In April 1945 Hitler's bunker in Berlin was the last place Edith Mecklenburg wanted to be. But Edith had no choice: as secretary to Eva Braun, Hitler's mistress and -- for a few final, desperate hours -- his wife, Edith had to see it through to the bitter end.
Edith was one of the lucky few. She not only got out alive but made a new life for herself in England. Sixty years on, now a widow and grandmother, the Bunker is almost forgotten. But the past has not forgotten her. Hans, a soldier she knew from those dark days, has written asking if he may visit. Obsessed with the war, he has spent the intervening decades tracking down all who were there, and who survived. In her reluctant raking-over of old coals, Edith finds embers that still burn, and in the act of remembrance a very current threat . . .

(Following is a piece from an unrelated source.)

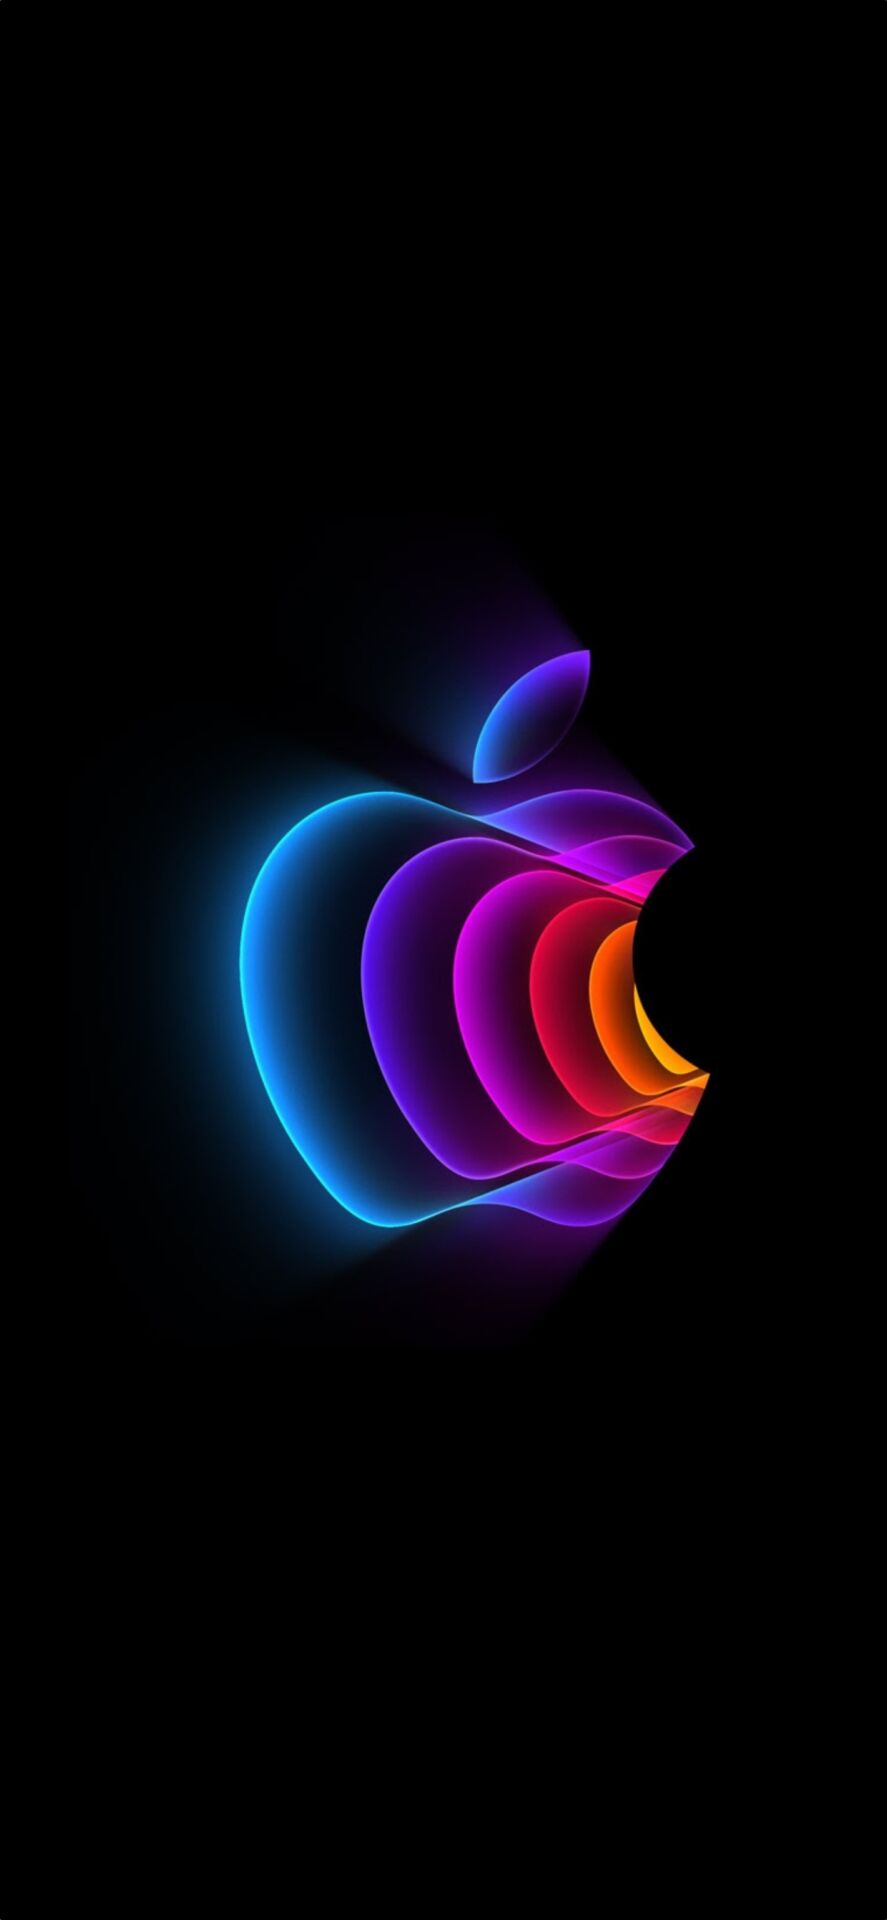 Descargue Peek Performance Wallpaper con el logotipo de Apple para iPhone, iPad y Mac
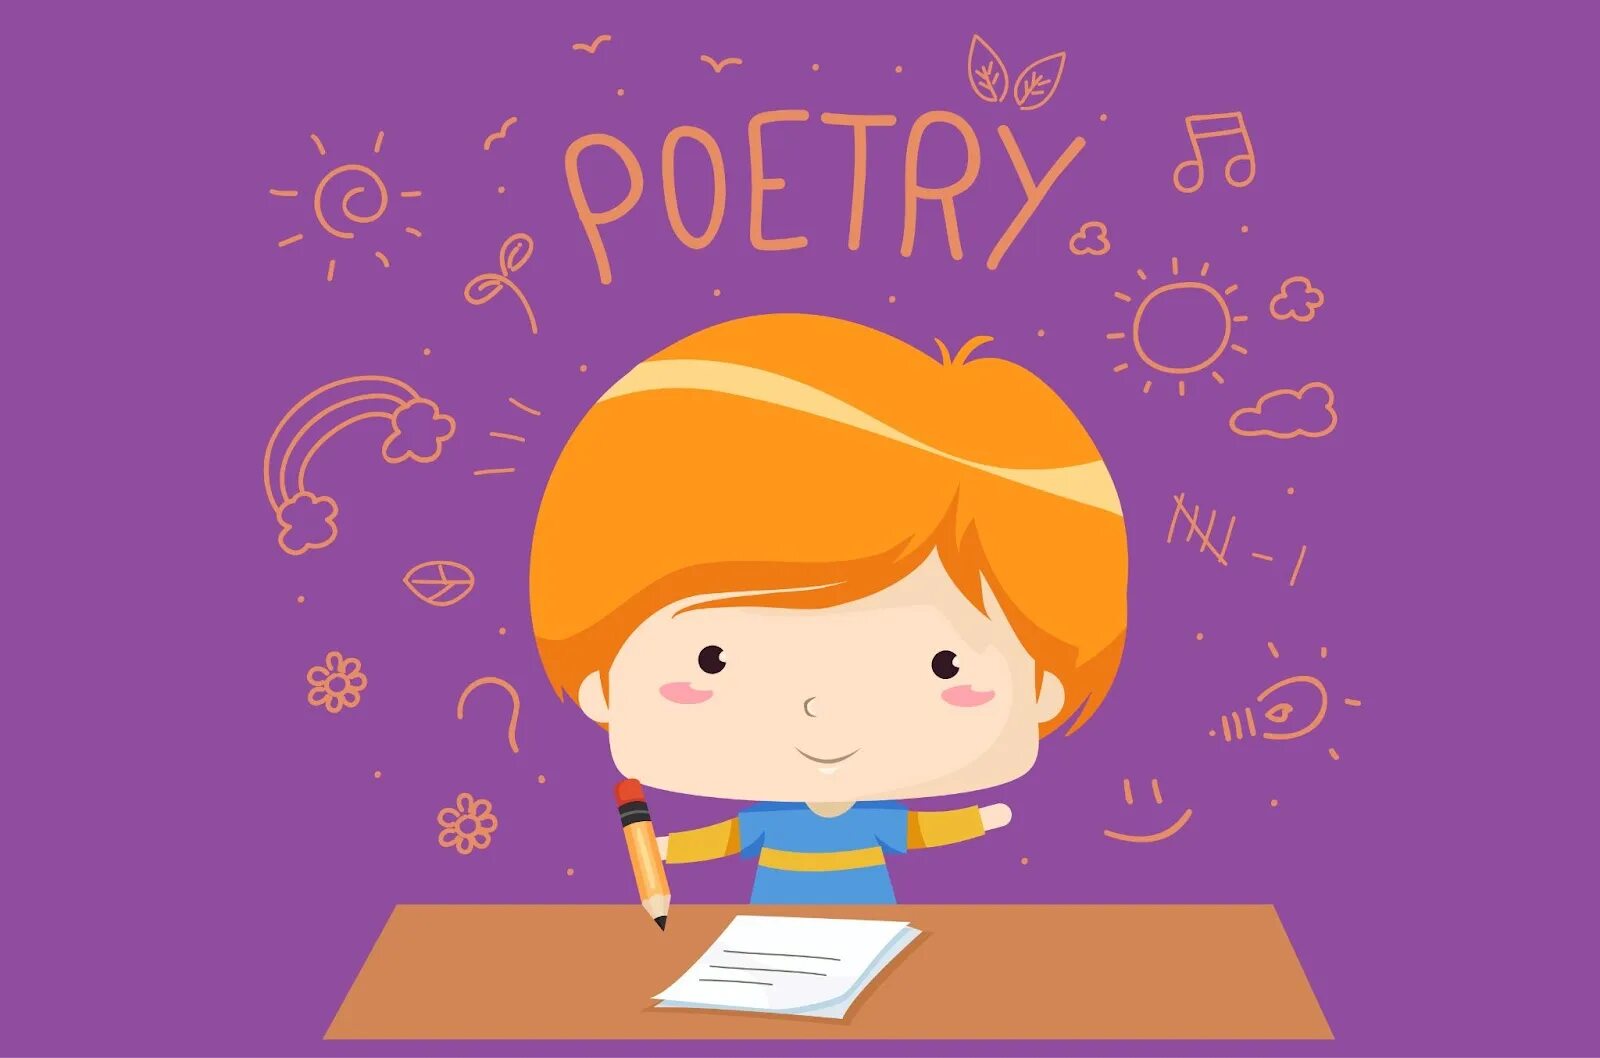 Картинка English Poetry. Стишок на английском. English poem картинки. Children's poems обложка. Поздно на английском языке

Alan Judd is a novelist and biographer who has previously served in the army and the Foreign Office. Chosen as one of the original twenty Best Young British Novelists, he subsequently won the Royal Society of Literature's Winifred Holtby Award, the Heinemann Award and the Guardian Fiction Award; he was also shortlisted for the Westminster Prize. He is currently the Spectator's motoring correspondent and a comment writer for the Daily Telegraph. He lives in Sussex with his wife and daughter.